There is no change in Ventas’s real estate ownership as a result
of this transaction. The Atria management capital raise, which will
support Atria’s strategic growth, values Atria at a substantial
increase compared to the 2012 transaction in which Ventas acquired
34 percent of the business. Ventas has made an additional
investment in Atria to maintain its 34 percent ownership stake
without dilution. Ventas will continue to have two representatives
serve on Atria’s board of directors and maintain certain other
rights with respect to governance.
“We are delighted to support Atria’s growth-focused capital
raise for its management platform and welcome Fremont as an
investor in Atria,” said Debra A. Cafaro, Ventas Chairman and Chief
Executive Officer. “Since we acquired substantially all of Atria’s
real estate in 2011, Atria’s management business has nearly doubled
in size. As a leading national senior care provider with an
outstanding management team, Atria has significant growth
potential. As Atria now takes the next step to enhance its scale
and financial flexibility, the business will be well positioned for
growth as a consolidator within a highly fragmented market.”
Ms. Cafaro continued, “Fremont is an experienced investor and
will be an excellent partner given its long-term investment
horizon, and its focus on high-quality management teams in
attractive businesses. This additional equity investment in Atria’s
management business is yet another example of the broad-based
interest from investors of all types in excellent senior care
providers.”
“Ventas has been a supportive and invaluable partner in helping
us grow our business, and this transaction puts our management
business on a path for further growth and expansion,” said John A.
Moore, Atria Chairman and Chief Executive Officer. “We look forward
to continuing to collaborate with Ventas in the years ahead as we
mutually support each company’s business goals.”

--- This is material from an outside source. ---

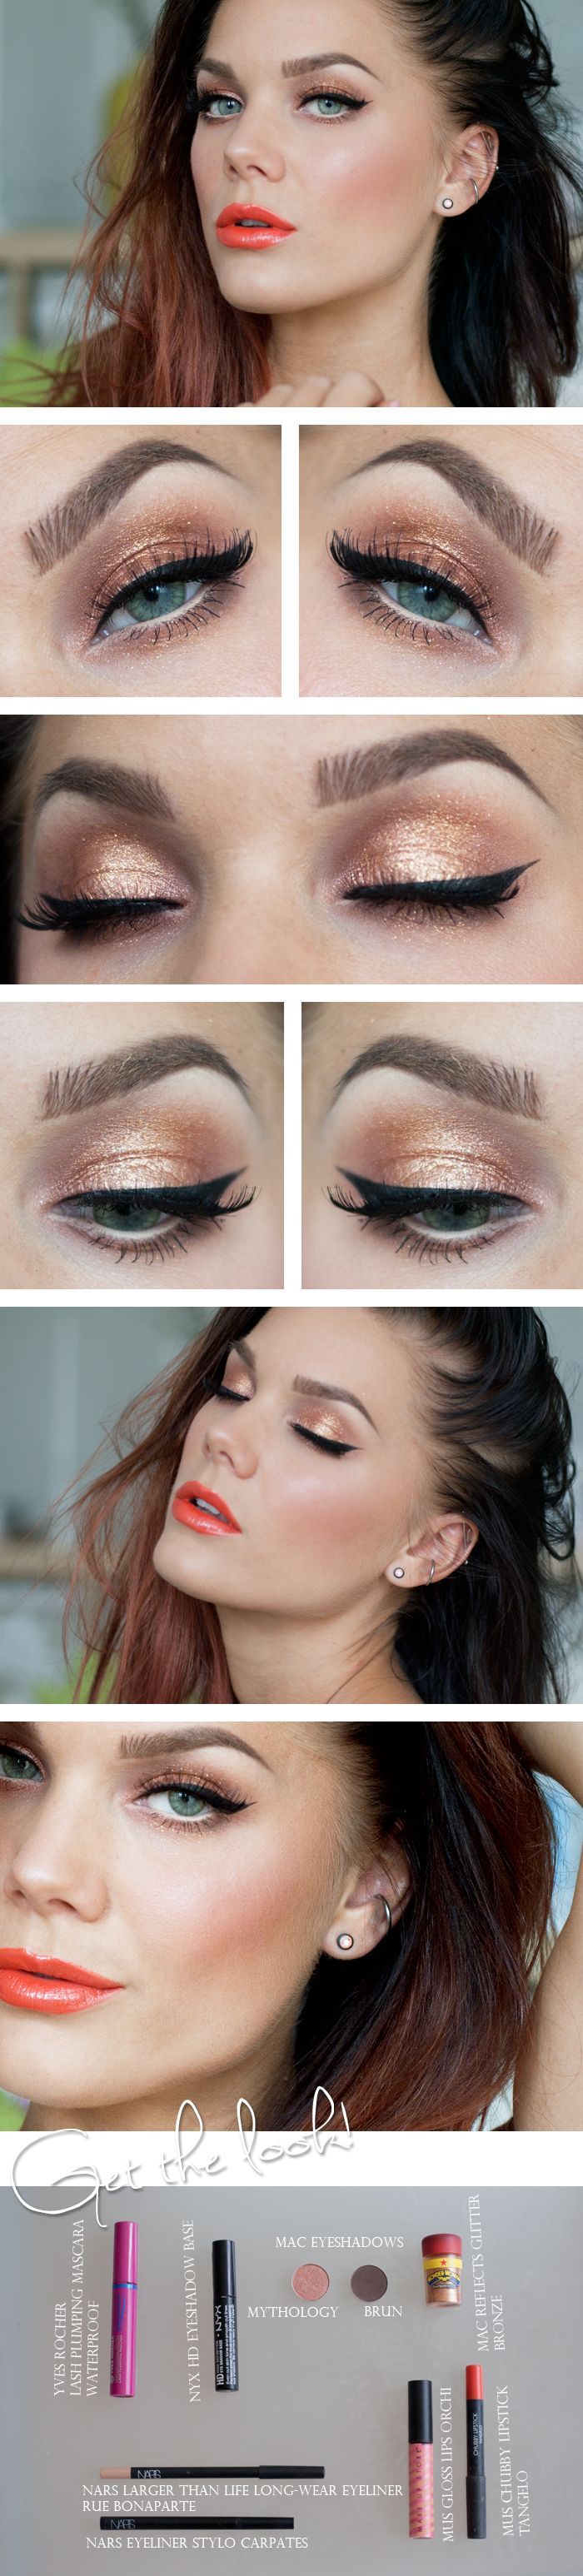 Todays Look : “Tangelo” -Linda Hallberg (a gorgeous orange look from eyes to che

Initially, proceeds of the current capital raise have been
principally reinvested in Atria. The transactions will result in
Ventas owning a 34 percent share of Atria’s management services
business with Atria senior executives and Fremont owning 33 percent
each, respectively.
Since Ventas’s initial acquisition of substantially all of
Atria’s real estate in 2011, Ventas has invested nearly $3 billion
of incremental capital in senior housing communities operated by
Atria. Ventas currently owns 172 senior housing communities
operated by Atria. Atria has increased the number of communities it
manages on a long-term basis from 125 to over 200, doubling revenue
under management since 2011.
About Ventas
Ventas, Inc., an S&P 500 company, is a leading
real estate investment trust. Its diverse portfolio of more than
1,200 assets in the United States, Canada and
the United Kingdom consists of seniors housing
communities, medical office buildings, life science and innovation
centers, inpatient rehabilitation and long-term acute care
facilities, health systems and skilled nursing facilities. Through
its Lillibridge subsidiary, Ventas provides management,
leasing, marketing, facility development and advisory services to
highly rated hospitals and health systems throughout the
United States. References to “Ventas” or the “Company”

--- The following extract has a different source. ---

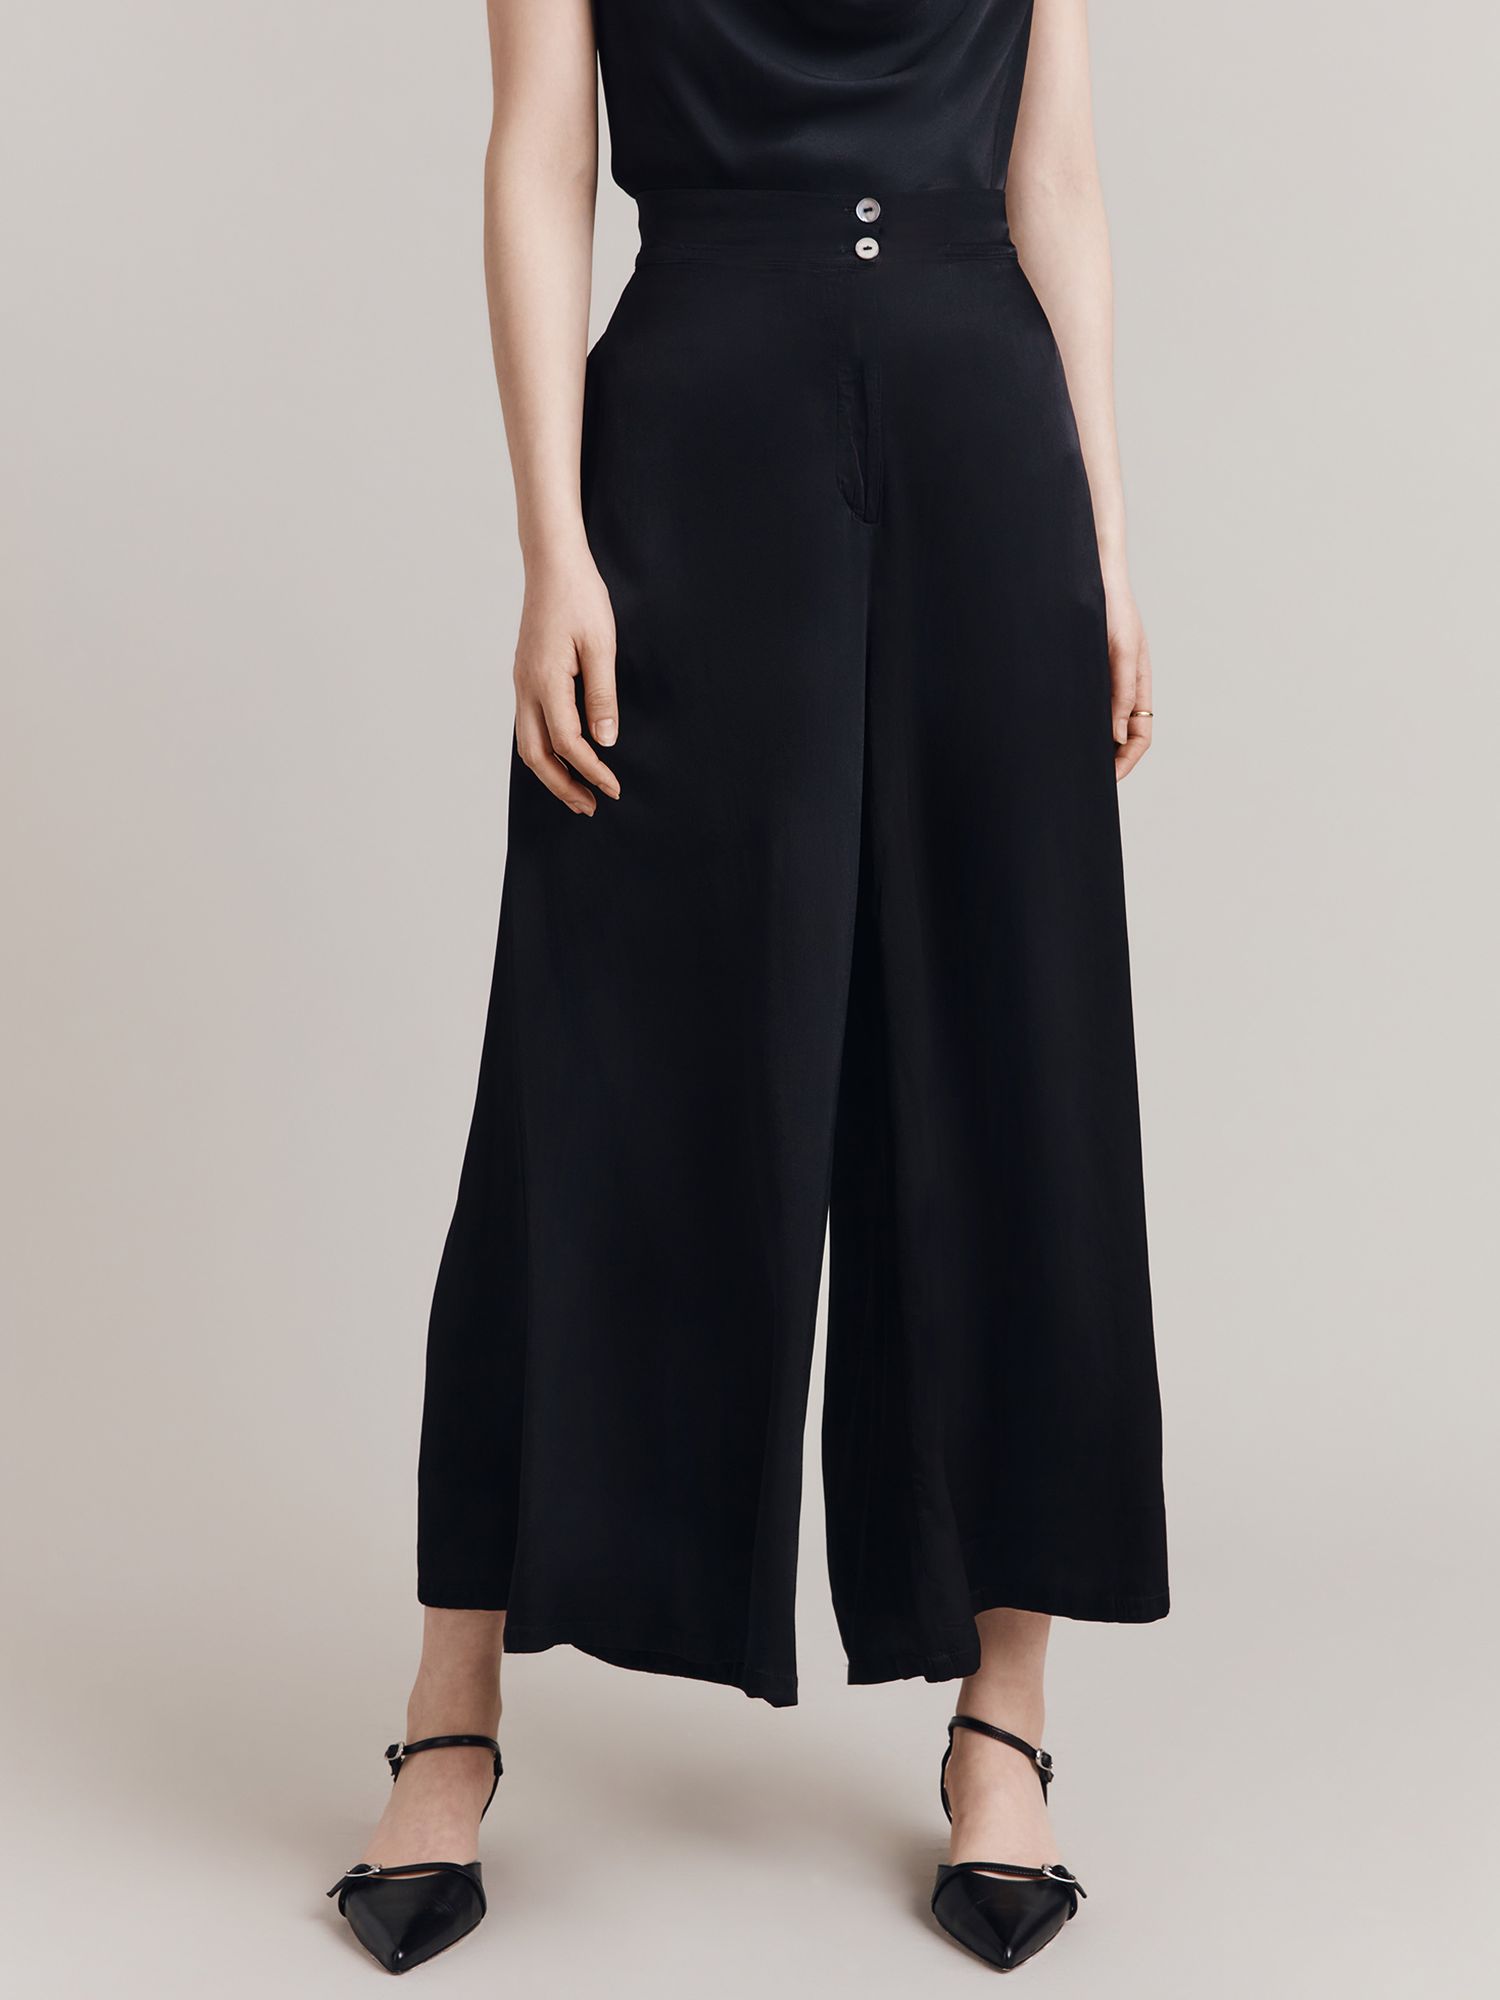 Ghost Blair Cropped Satin Culottes, Black, XS

mean Ventas, Inc. and its consolidated subsidiaries
unless otherwise expressly noted. More information
about Ventas and Lillibridge can be found
at www.ventasreit.com and www.lillibridge.com.
About Atria Senior
Living
Atria Senior Living is a leading operator of independent living,
assisted living, supportive living and memory care communities in
over 200 locations in 28 states and seven Canadian provinces. We
are the residence of choice for more than 20,000 seniors, and the
workplace of choice for more than 16,000 employees. We create
vibrant communities where older adults can thrive and participate,
know that their contributions are valued, and enjoy access to
opportunities and support that help them keep making a positive
difference in our world. For more information about Atria, visit us
online at AtriaSeniorLiving.com.
About Fremont
Fremont Realty Capital is the real estate private equity
business unit of the Fremont Group, the investment office of the
Bechtel family of San Francisco. Since formation in 1997, Fremont
Realty Capital has provided investors with superior risk-adjusted
returns and value-creation through investments in non-traditional
and traditional real estate sectors, both domestically and abroad.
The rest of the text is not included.